I am in a long-distance relationship with my boyfriend of 4 years. We had a good weekend, but he said he wants to take this coming weekend off and his roommate is out of town. I called him last night. He asked if he could call me back tomorrow and hung up. I called him like an hour ago, and he hasn’t called back. This is bringing up paranoia, feat that we are going to break up, and embarrassment that he doesn’t want me or treat me well.
I feel overwhelmed by my feelings. I feel sad, disappointed, paranoid, and tired. Part of me wants to give up on him. I feel like I am operating out of fear a lot this week.
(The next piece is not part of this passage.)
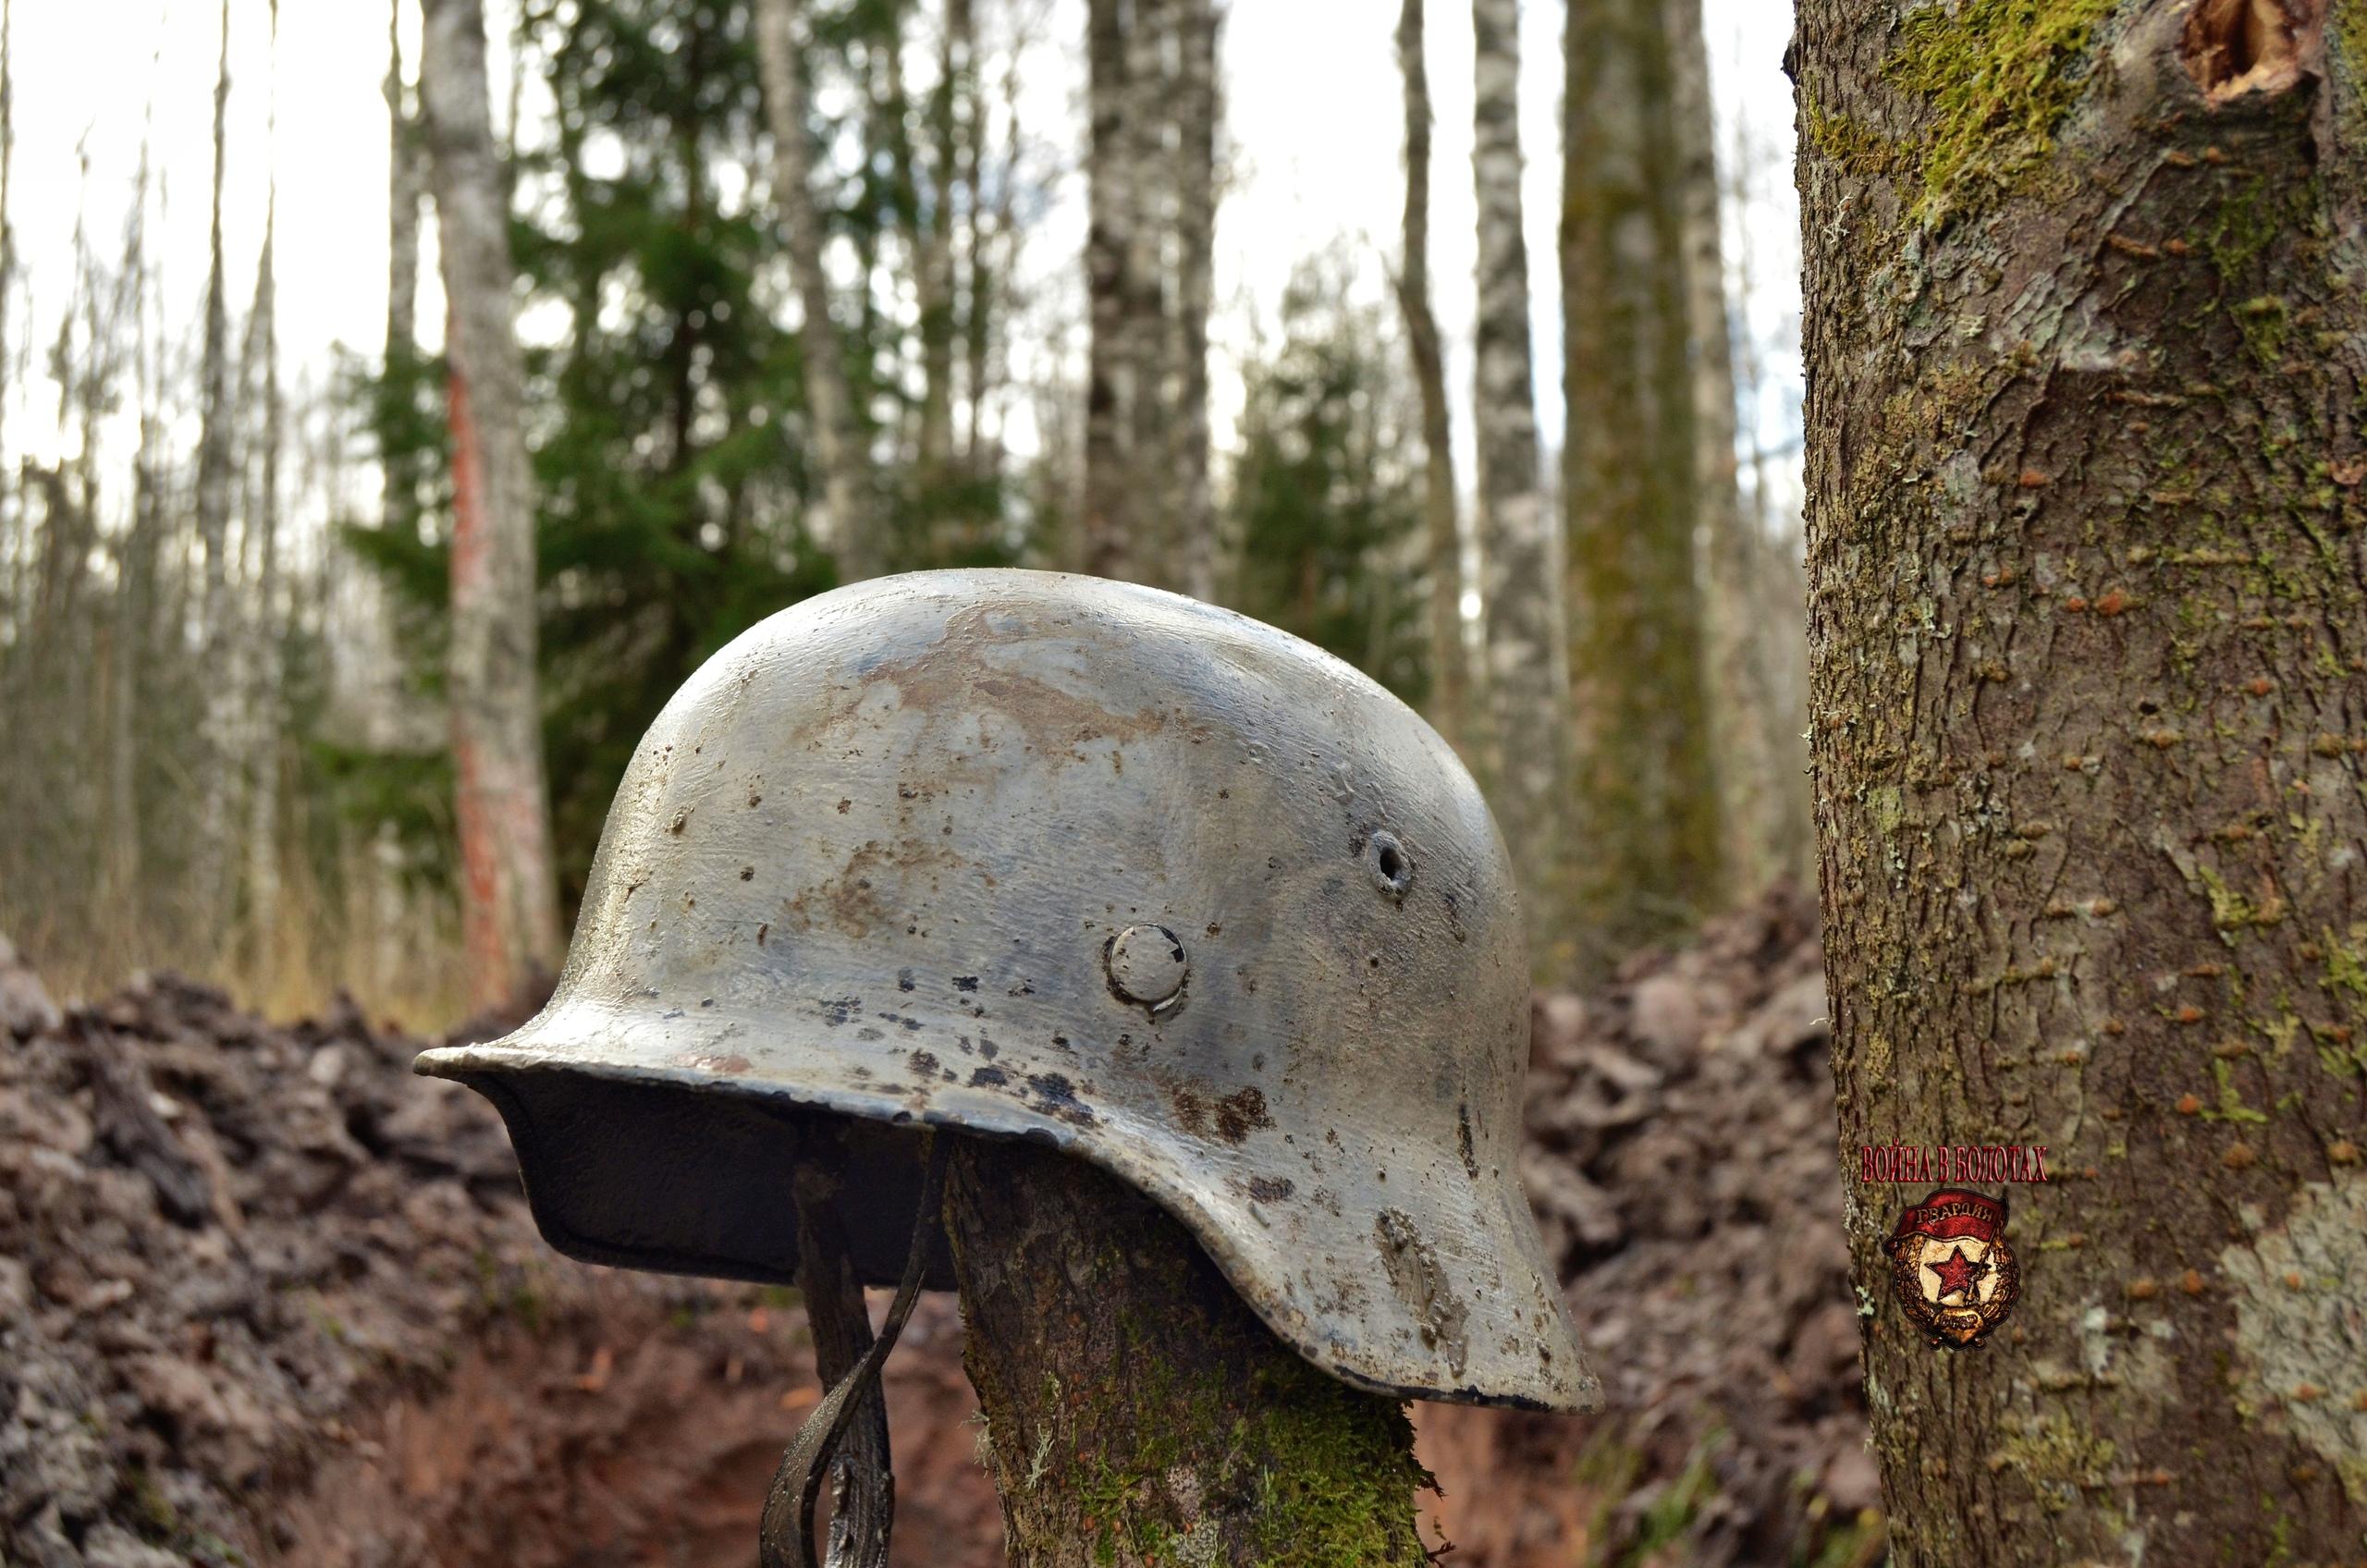 German helmet from dugout

I want to feel better, but I just feel scared, tired, and lonely.
R didn’t call today
T: He could be with someone else right now
F: Shame, fear, anger
A: Call him, message him, think of things he could be doing, could have done in the past, or could do in the future. Obsess about him, want him to call so I can feel better. Don’t do things to take care of myself or my life, make myself smaller, give my power away
R: I create the experience of him cheating on me, I hurt myself emotionally
C: R hasn’t called
T: This has happened before and it was nothing
A: Try to calm myself, take breaths, do models, think about something else, give myself a break, don’t keep calling and texting him, sit with my uncomfortable emotions.
Answers to last coaching question:
What are some thoughts about your self-worth that you want to embrace and start finding evidence for now?
I am worthy of love and kindness independent of my financial or romantic situation. I can be comfortable and happy in my body whether I am in a relationship or not. I am beautiful and talented. I deserve to be in a relationship with someone who loves and respects me. I can find inner peace that is not dependent on others actions. I do not cause other people to treat me a certain way, they create their thoughts, feelings and actions. When I feel lonely, I can remember that nothing has gone wrong. I can find value and self worth from my own thoughts instead of other people’s reactions.